Selecting directed cycles: a polyhedral study

Given a directed graph G, a cycle selection is a subset of arcs of G forming a union of directed cycles. When the arcs are weighted, the Maximum Weighted Cycle Selection (MWCS) problem consists in finding a cycle selection of maximum total weight.
These definitions are motivated by an application to the kidney exchange problem where patients are incompatible with their associated donor, but can possibly receive a kidney from another donor. Given many such patient/donor pairs, various matching algorithms can be used to maximize the number of feasible transplants by finding exchange cycles in appropriately defined compatibility digraphs. One of the remaining issues is that the actual compatibility between a donor and a patient can only be completely tested after an intended transplant cycle has been identified. Hence, incompatibilities may reveal themselves a posteriori and some exchange cycles turn out not be implementable. A way to tackle this issue is to first select a subset of arcs to be tested, and then to run a matching algorithm. A better understanding of the cycle selection problem may help to address the first step of this procedure.
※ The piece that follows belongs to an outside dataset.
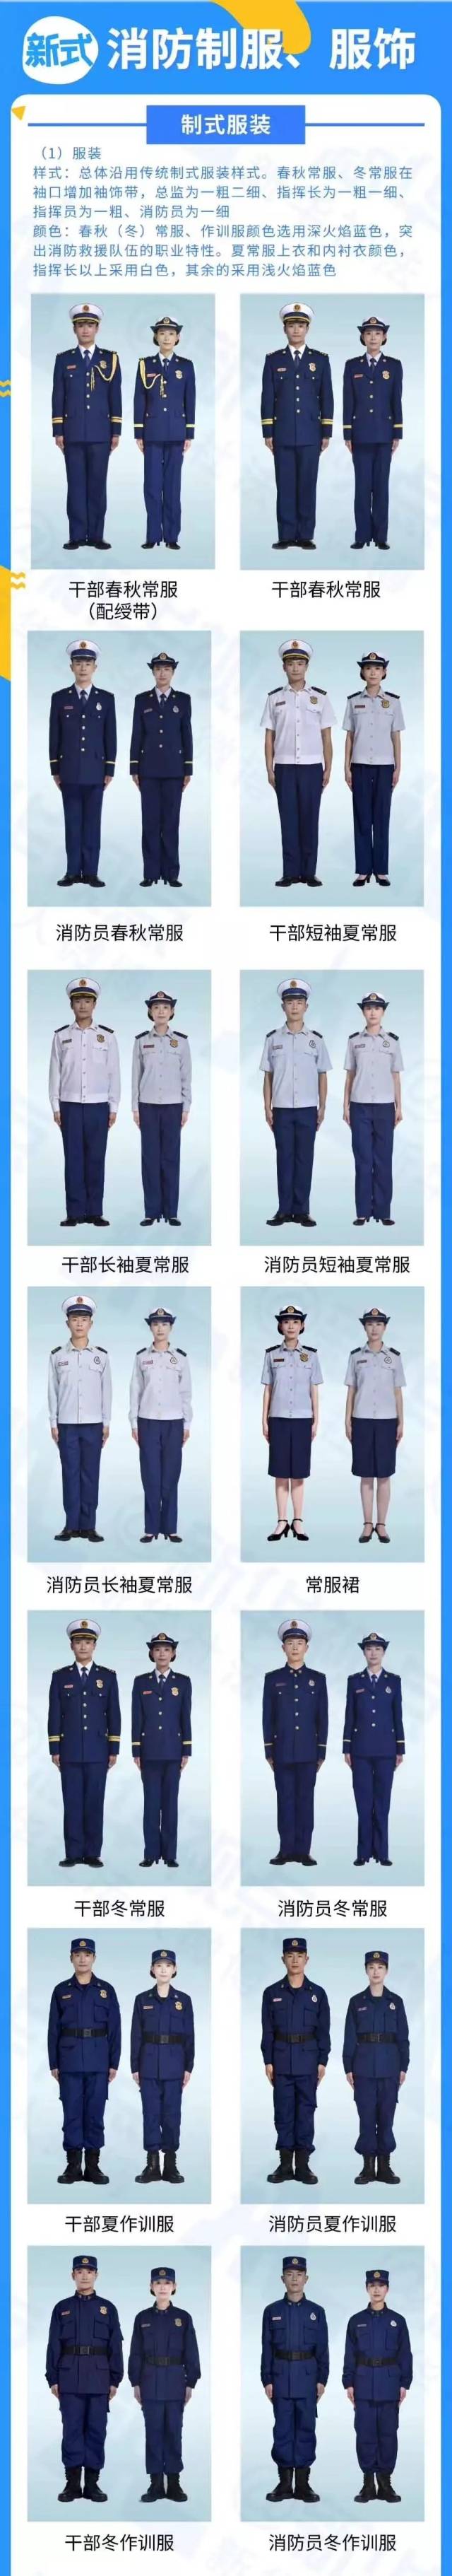 消防救援队伍火焰蓝制服:制服总体沿用传统制式服装样式,春秋常服
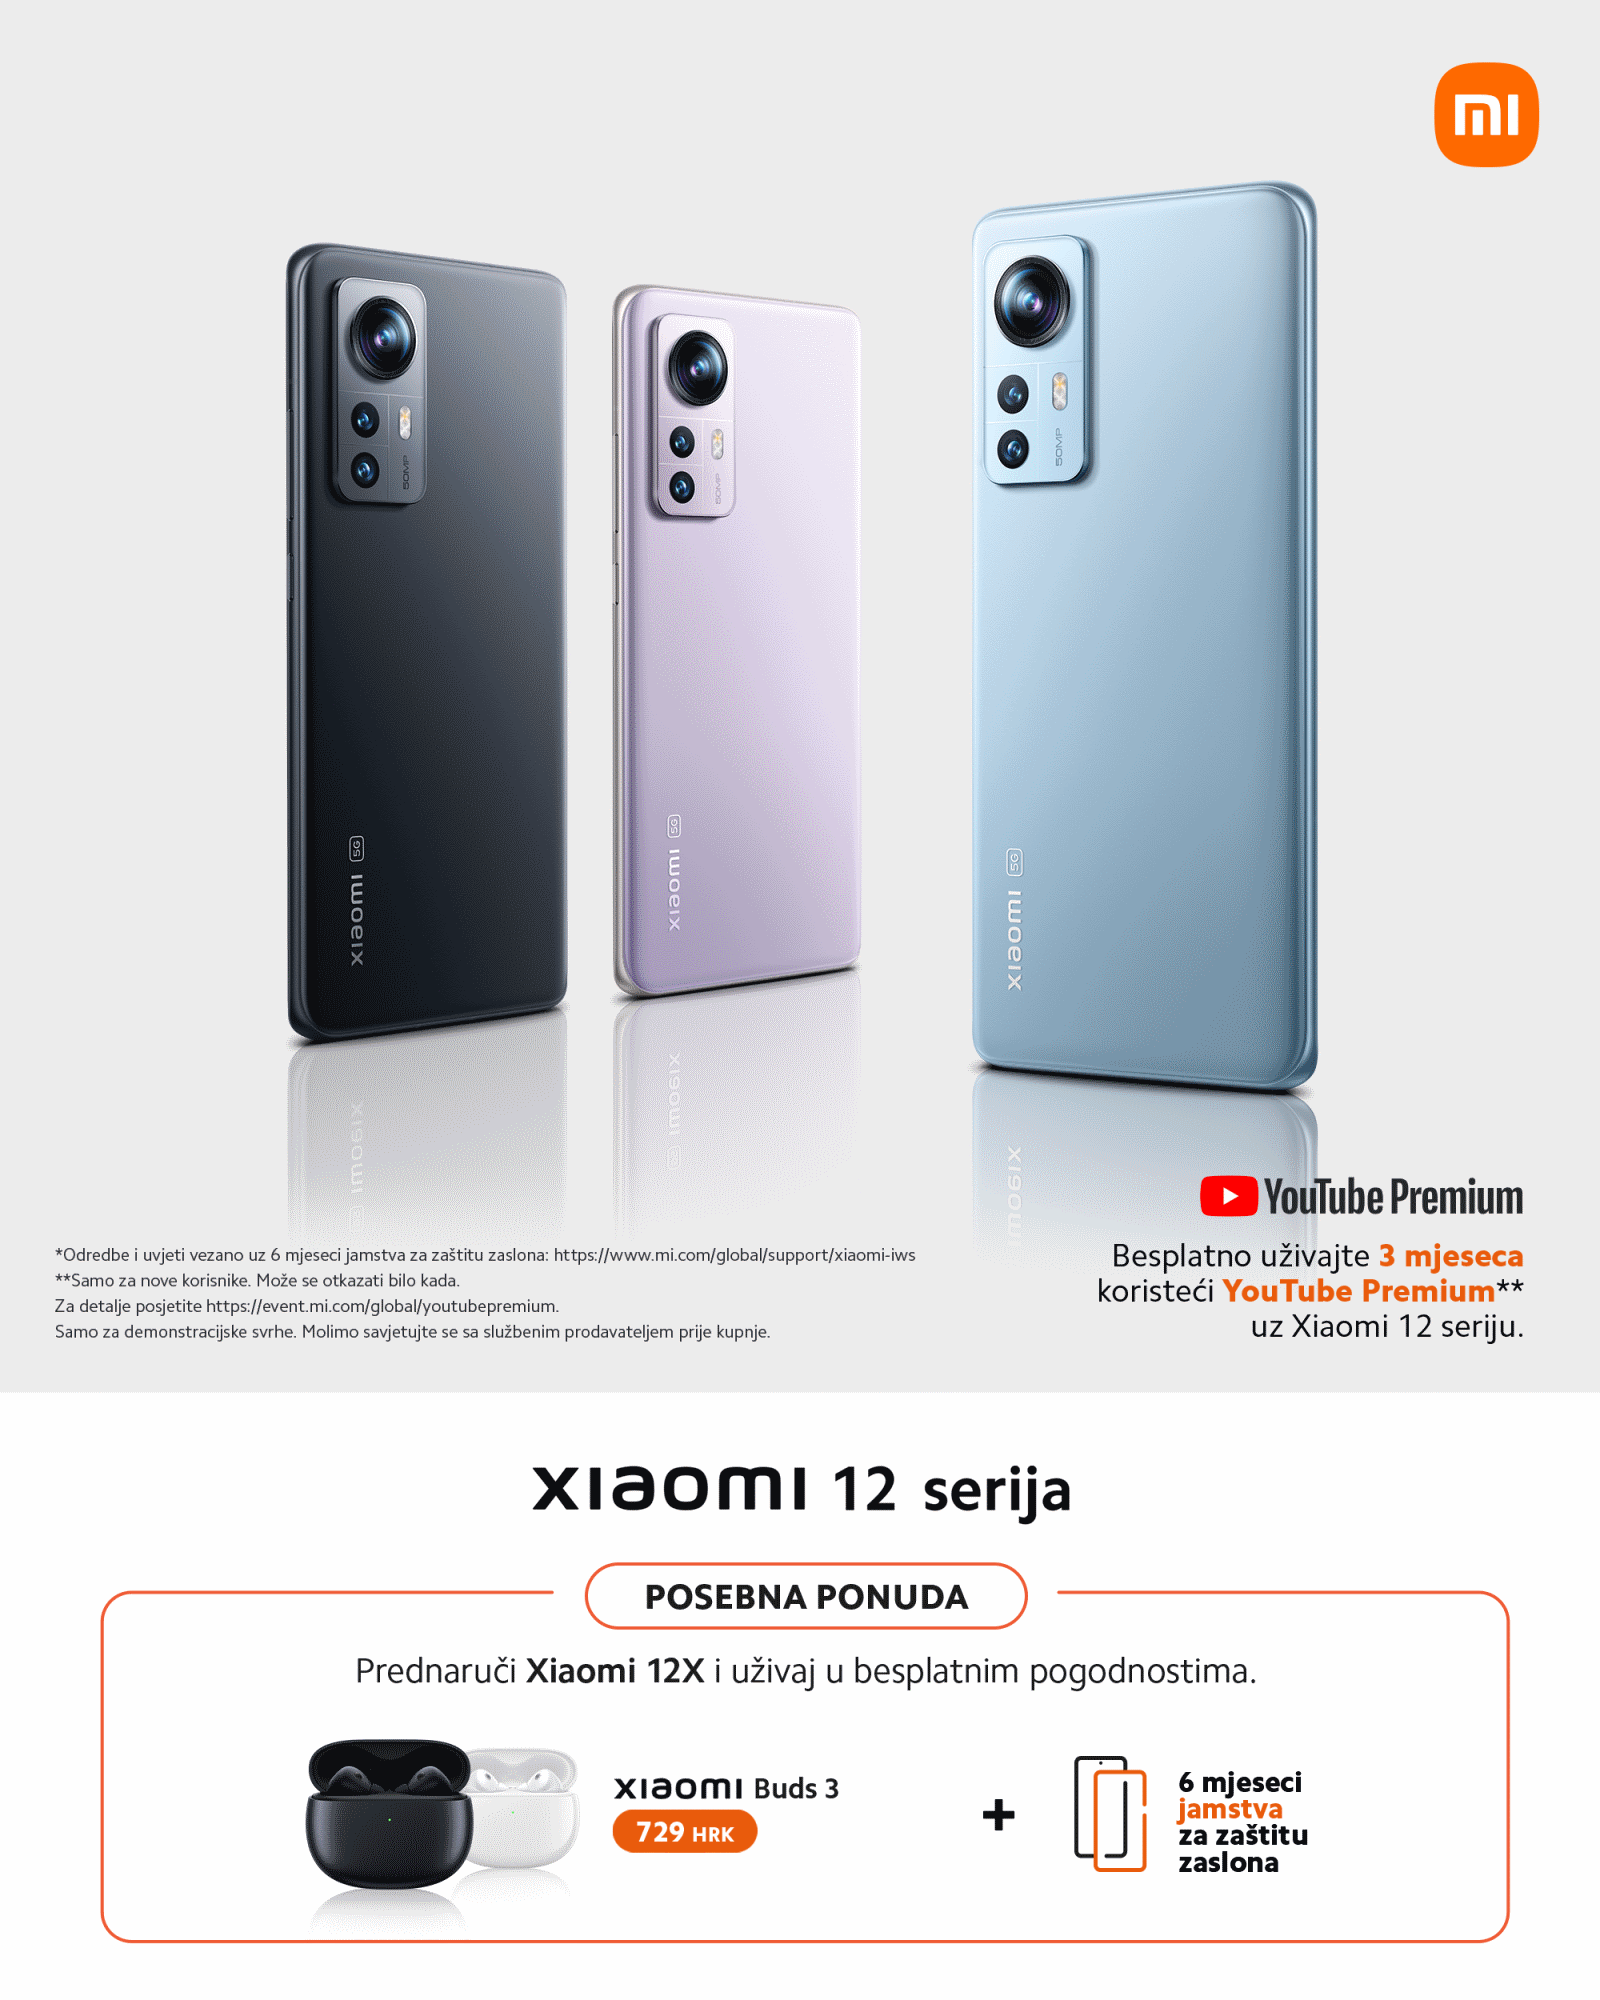 Nova Xiaomi 12 serija ostavlja bez daha: Moćan dizajn, studijska kamera i puna baterija za svega 18 minuta ono je što nam treba!

In our study, we focus on the cycle selection problem associated with a complete digraph. First, we establish that MWCS is strongly NP-hard. Next, we provide four complete ILP formulations of the problem: a "natural" one, featuring an exponential number of constraints which can be separated in polynomial time, one extended non compact formulation and two extended compact ones. We investigate the relative strength of these formulations. We next concentrate on the natural formulation and on the description of the associated selection polytope. We prove that it is full-dimensional, and that all the inequalities used in the IP formulation are facet-defining. Furthermore, we describe three new classes of facet-defining inequalities. Then, we numerically test the proposed ILP formulation of MWCS. Despite the theoretical complexity of the problem, the ILP formulation is very quickly solved for many random instances. We also study the problem when we include an additional constraint on the cardinality of a cycle selection. Most of the results proved for the original case remain valid, but numerical tests show that the ILP formulation of the constrained variant is harder to solve.